» HOW TO COMPLETE THIS TASK
The full listing, copied exactly and free of pictures, is the expected reply.

» DATA EXTRACT
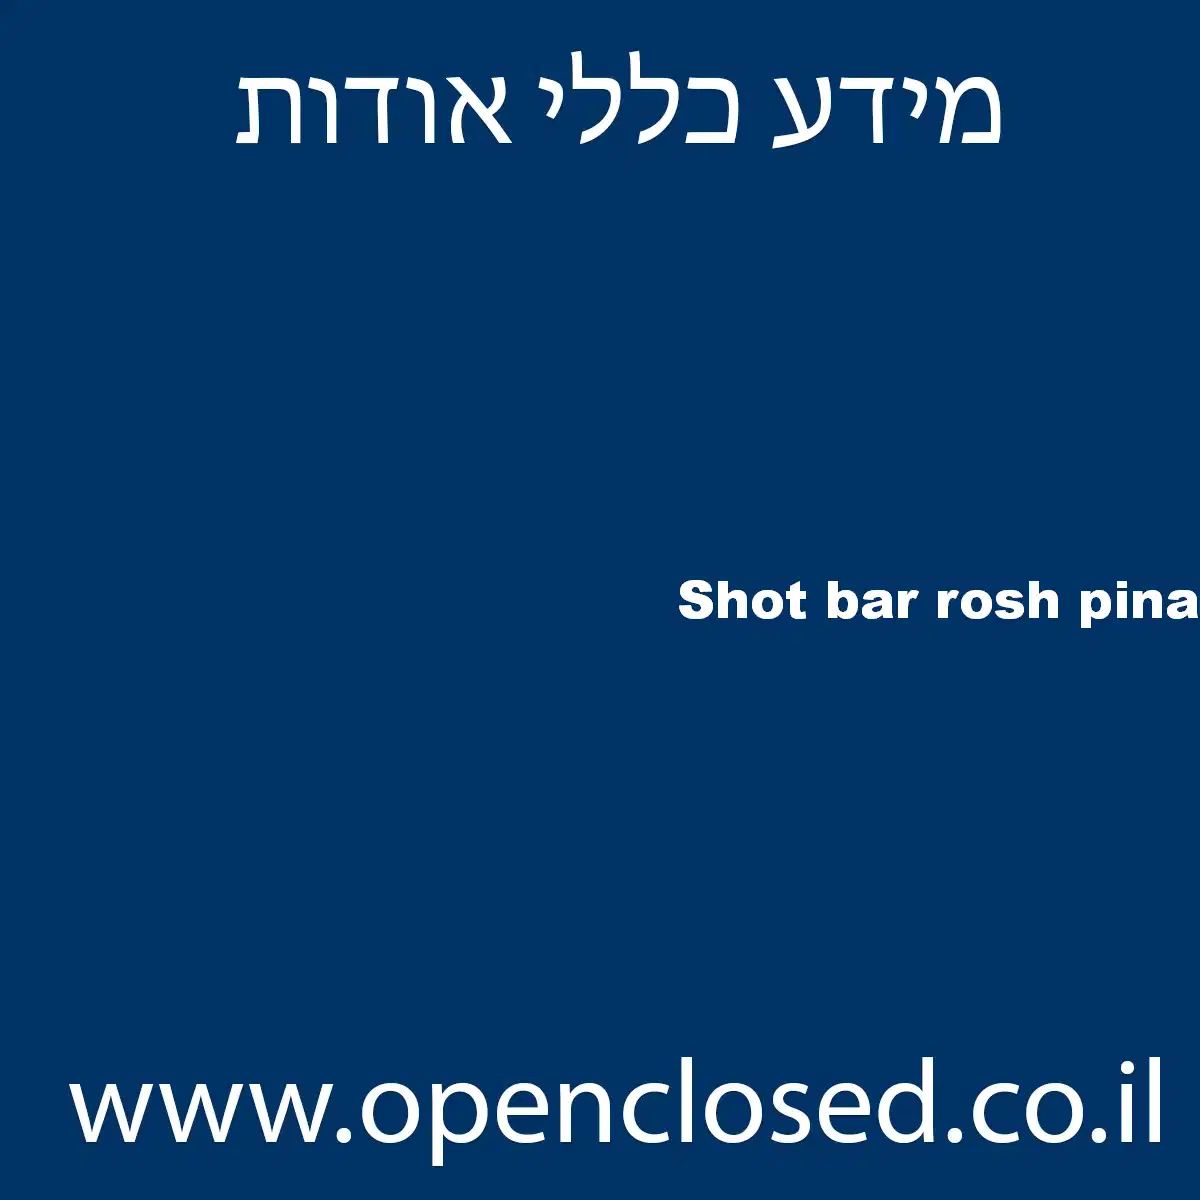 Shot bar rosh pina
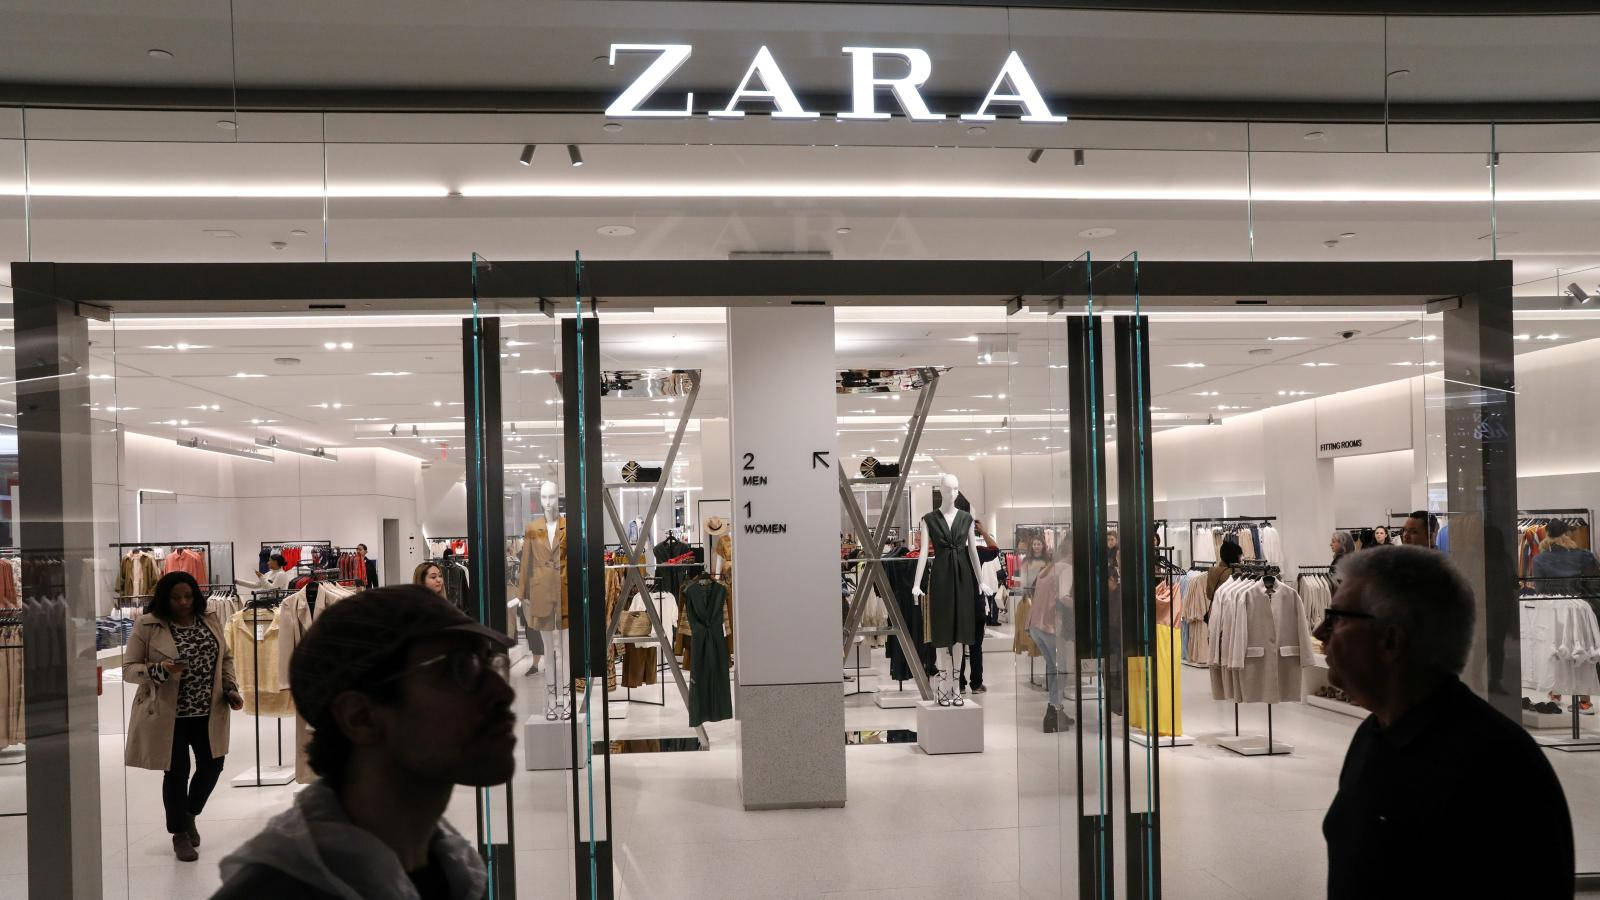 Zara Spanish Apparel Store Background
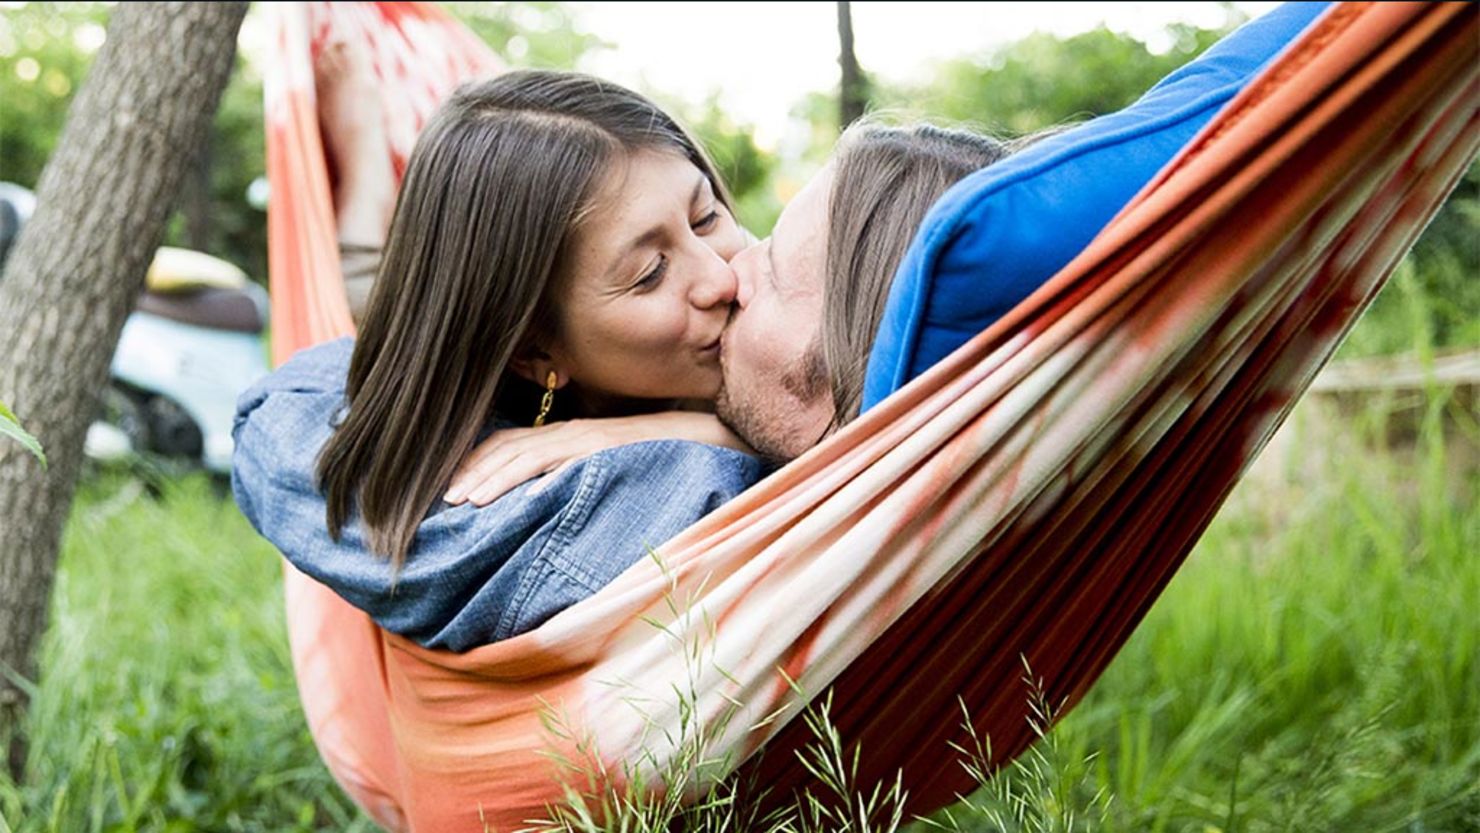 Heppy Kees Xxx - 8 health benefits of kissing | CNN
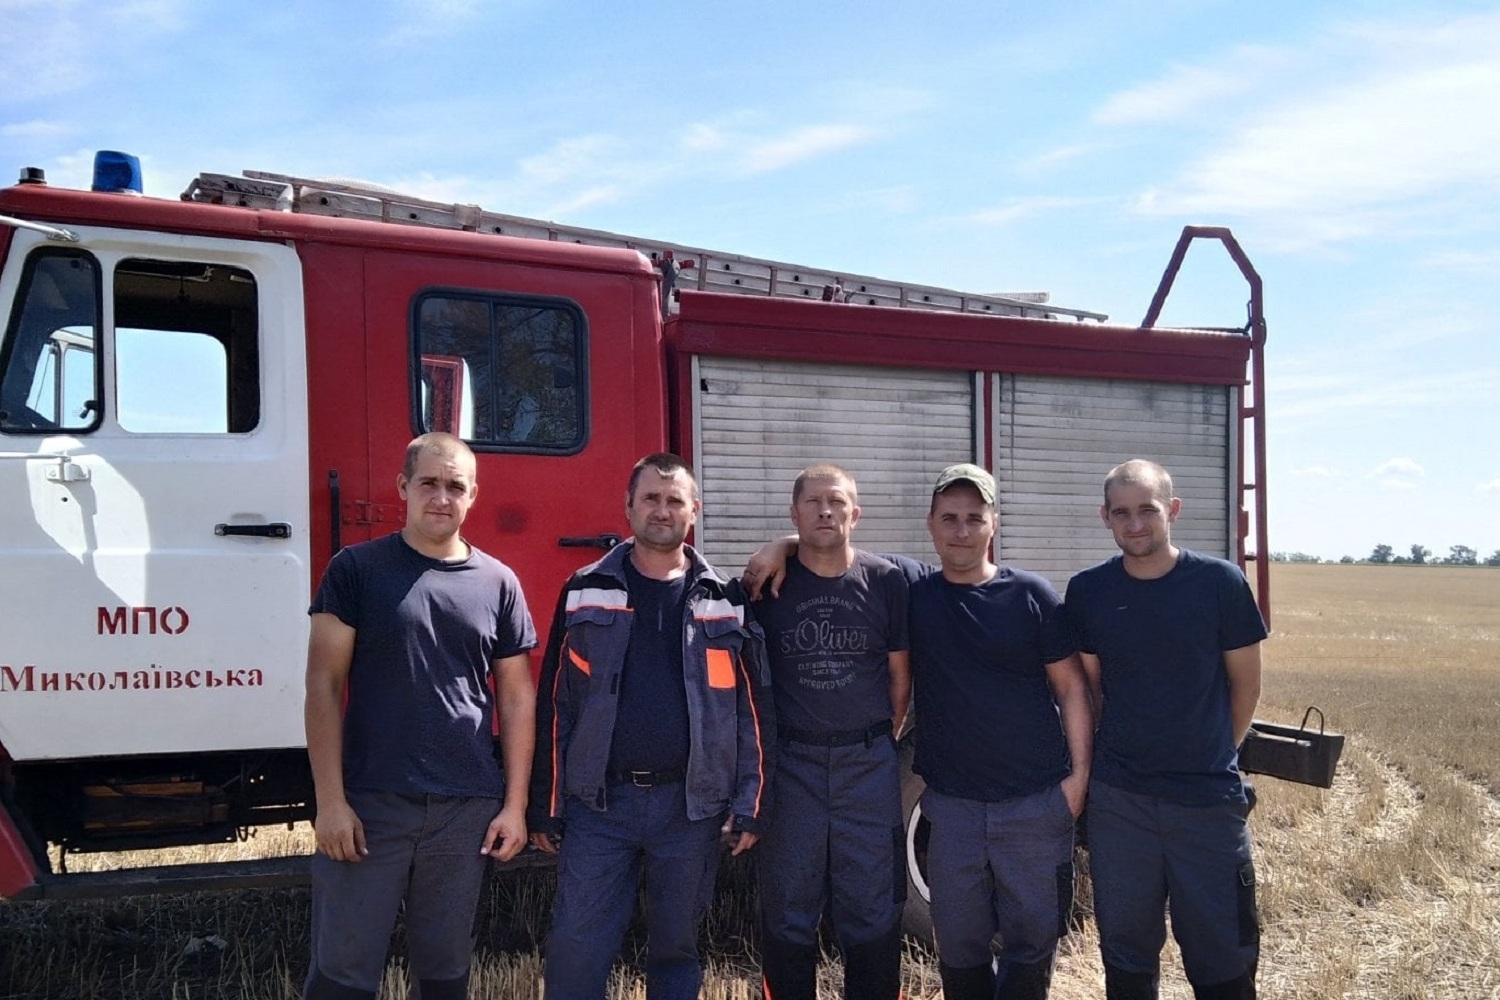 Fire brigades strengthen the capacity of municipalities

» ANSWER FOR THE TASK
 Shot bar rosh pina
 Zara Spanish Apparel Store Background
 Heppy Kees Xxx - 8 health benefits of kissing | CNN
 Fire brigades strengthen the capacity of municipalities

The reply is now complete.